O plebiscito do Chile

Por Nilson Mello*

Uma Constituição de caráter liberal garantiu ao Chile ao longo de quatro décadas elevados índices de desenvolvimento econômico, um dos melhores da América Latina, e, como resultado de uma economia mais forte, avanços sociais muito acima da média dos países da Região. De forma soberana, porém, o povo chileno decidiu em plebiscito no dia 25 de outubro que não quer mais este arcabouço jurídico como base da sociedade.

Promulgada em 1980, a atual Constituição traz princípios econômicos liberais, mas está irremediavelmente vinculada à ditadura Pinochet, período sombrio da história do país (1973-1990), o que facilitou a propaganda pela sua revogação, que agora terá curso. É de se presumir que a nova Carta estabeleça graus de intervenção e dirigismo estatais maiores, “em prol de mais avanços sociais”.
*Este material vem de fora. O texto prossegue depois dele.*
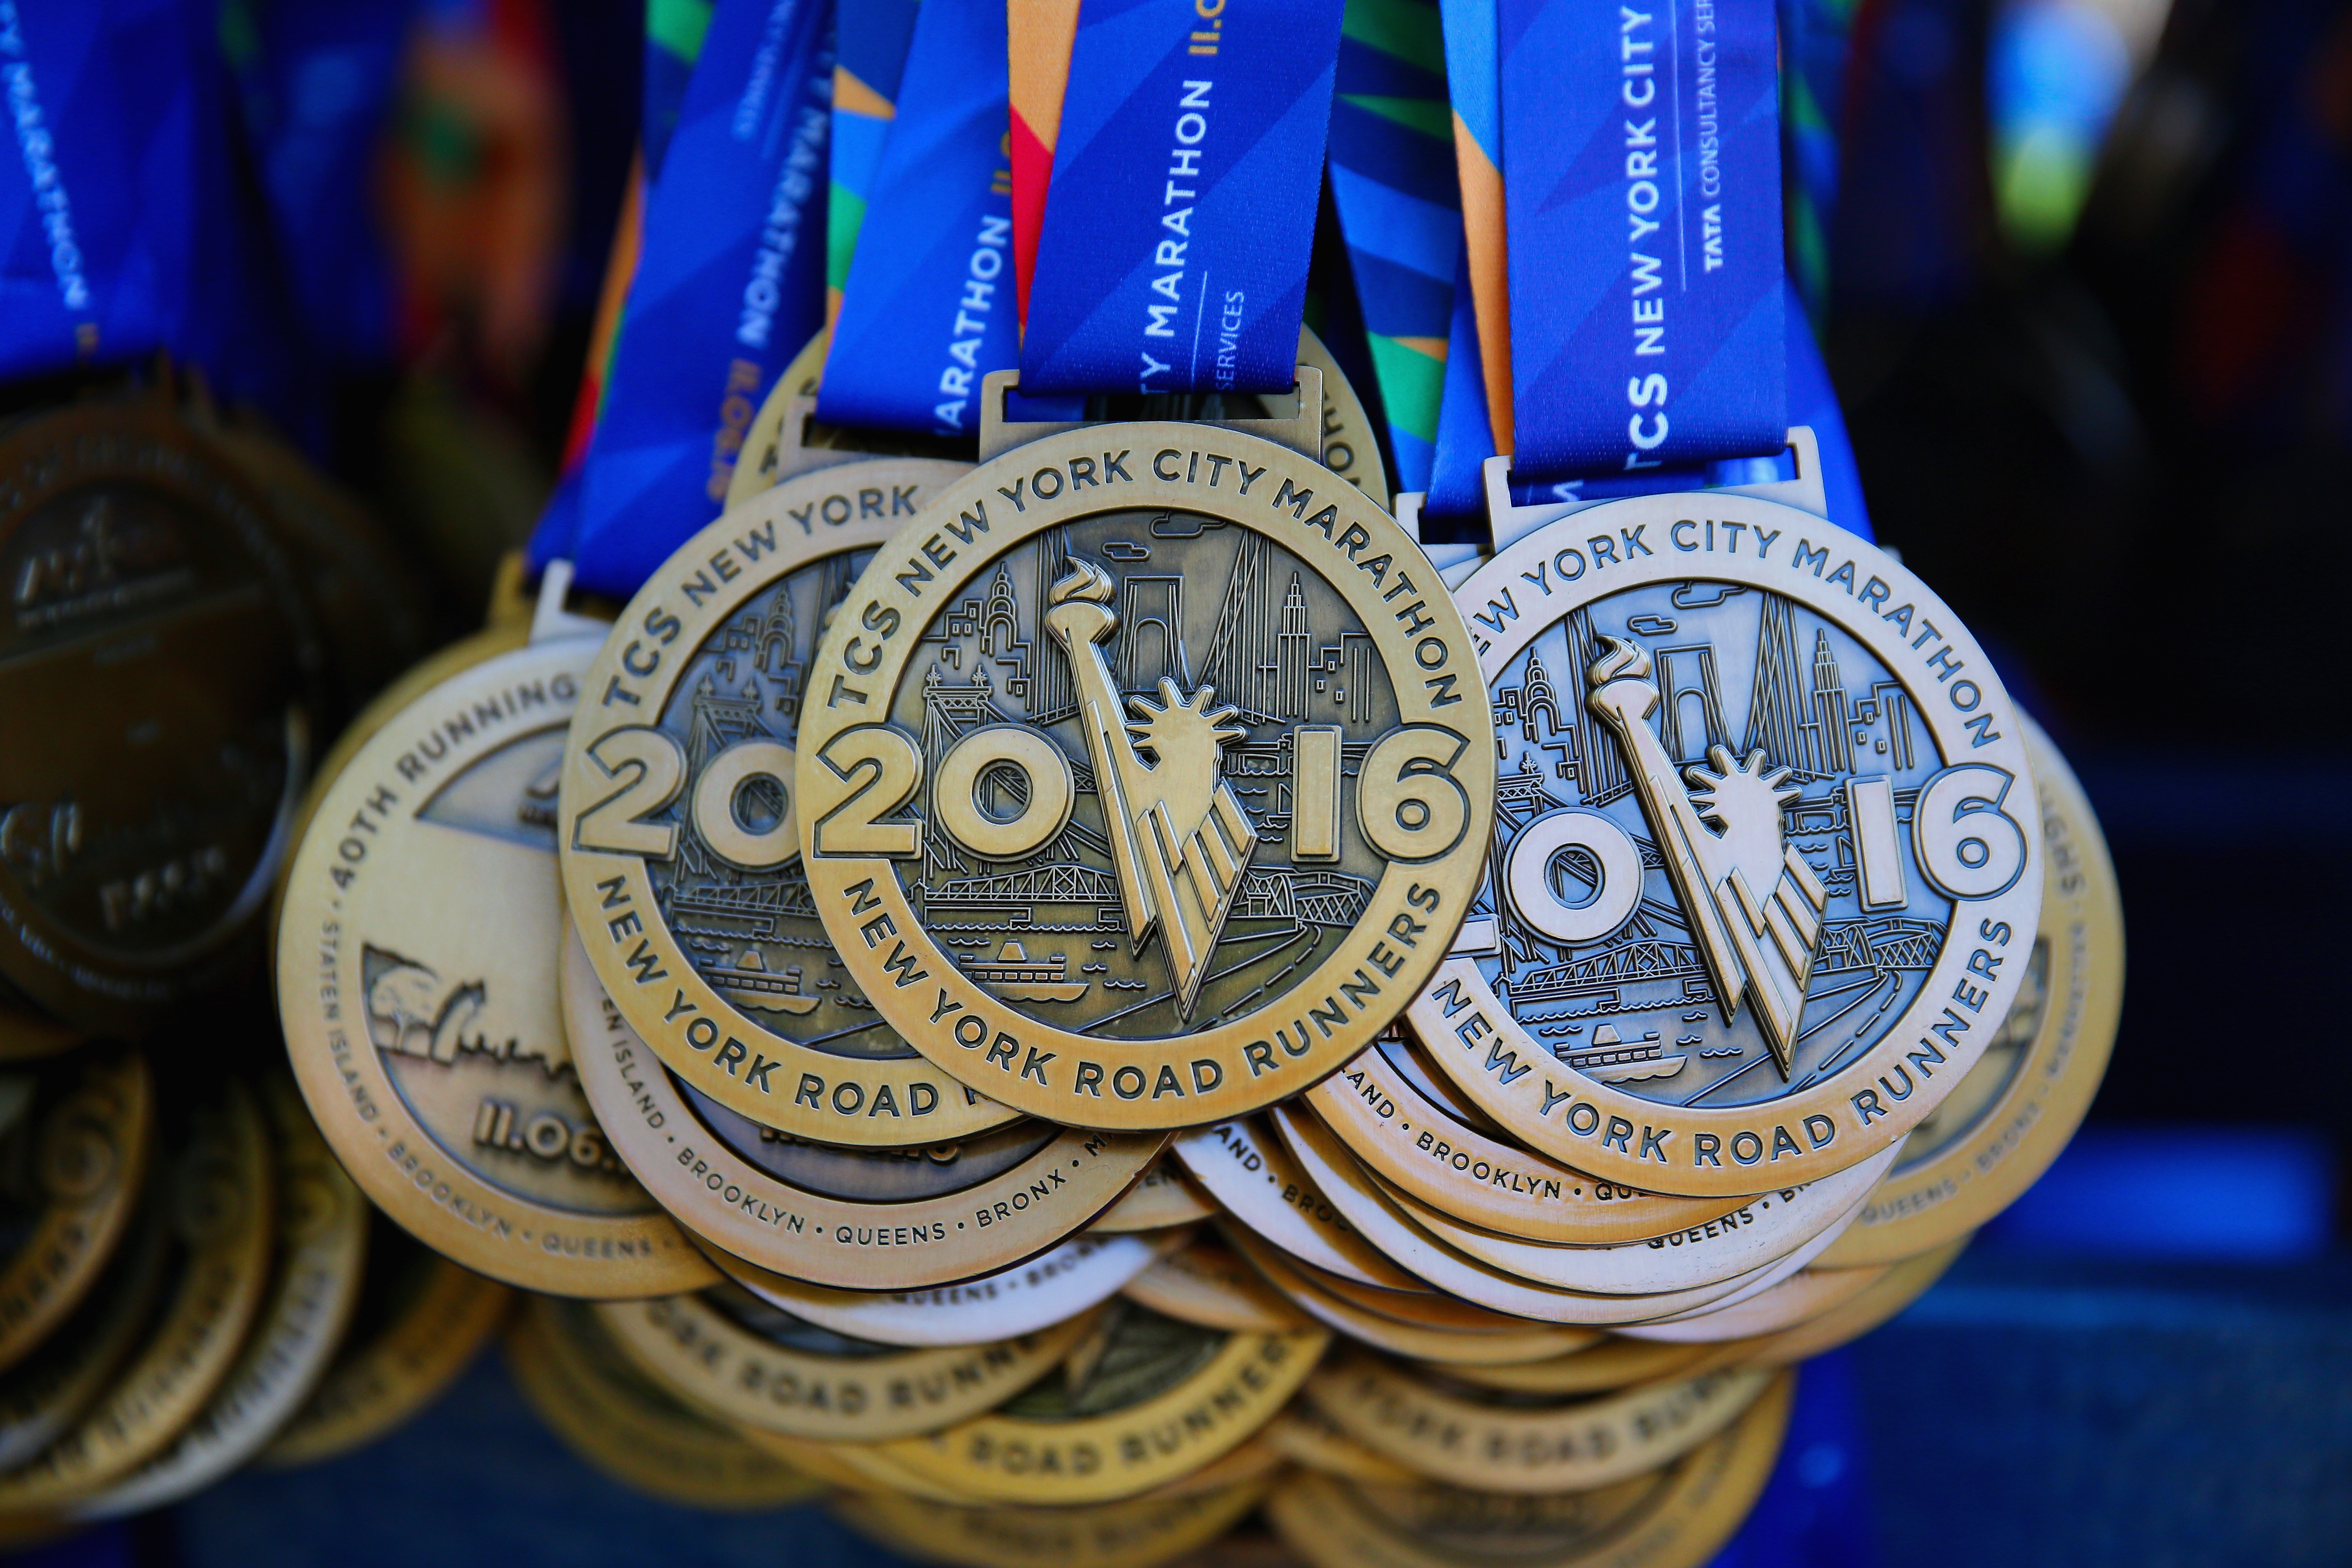 These are the medals you get if you complete the NYC Marathon For The Win

Em dez anos poderemos ver qual das duas receitas surtiu mais efeito. Sem que possamos saber ao certo qual será a orientação da nova Constituição no que diz respeito ao modelo econômico, não custa lembrar que países vizinhos antes ricos (Argentina e Venezuela) têm retrocedido como resultado do intervencionismo e do dirigismo estatais crescentes, temperados com grandes doses de populismo.

O próprio Brasil apresenta média de crescimento econômico medíocre há décadas por conta de uma estrutura legal hostil ao empreendedor, contrária à liberdade econômica.

Ainda que seja uma ciência, e como tal tenha as suas leis intrínsecas, a economia é também resultado de variáveis extrínsecas, que lhe são dadas pelo Direito – o arcabouço jurídico no qual se assenta. Se Estado opulento, impostos em profusão e grande número de estatais fossem o caminho do bem-estar social, estaríamos em primeiro lugar no ranking global. E não é o caso.

A Constituição que agora os chilenos querem é provavelmente algo parecido com a nossa Constituição de 1988: mais que uma Carta de princípios, um programa de governo de orientação social democrata. Aqui não deu resultado. Fomentou-se uma casta de privilegiados no funcionalismo público, em prejuízo da coletividade. O Estado deixou de ser meio para se tornar um fim em si mesmo. Opulento. Não houve avanços econômicos e sociais relevantes, haja vista nosso baixo desempenho no ensino, mesmo se comparado a países em desenvolvimento.

Recente pesquisa da Confederação Nacional da Indústria aponta que o Brasil é o sétimo país que mais gasta com funcionalismo público, mais até do que nações europeias que são referência do WelfareState. Gastamos o dobro que o Chile, justamente por conta de seu arcabouço liberal, que agora será revisto.

Os chilenos acreditam que possam alcançar patamares ainda mais elevados de desenvolvimento com outro tipo de matriz jurídica, menos liberal e, portanto, mais intervencionista, no sentido do aprofundamento do Estado do Bem-Estar. Repito: decisão soberana, legítima. O risco é que, na elaboração da nova Carta, os parâmetros econômicos que contribuíram para o desenvolvimento do país sejam eliminados. Esses parâmetros não devem ser vistos como entulho do “velho regime”, mas, sim, como tributo pago à sociedade pelo terror que produziu, pois foram a base do reconhecido sucesso do Chile em todos esses anos.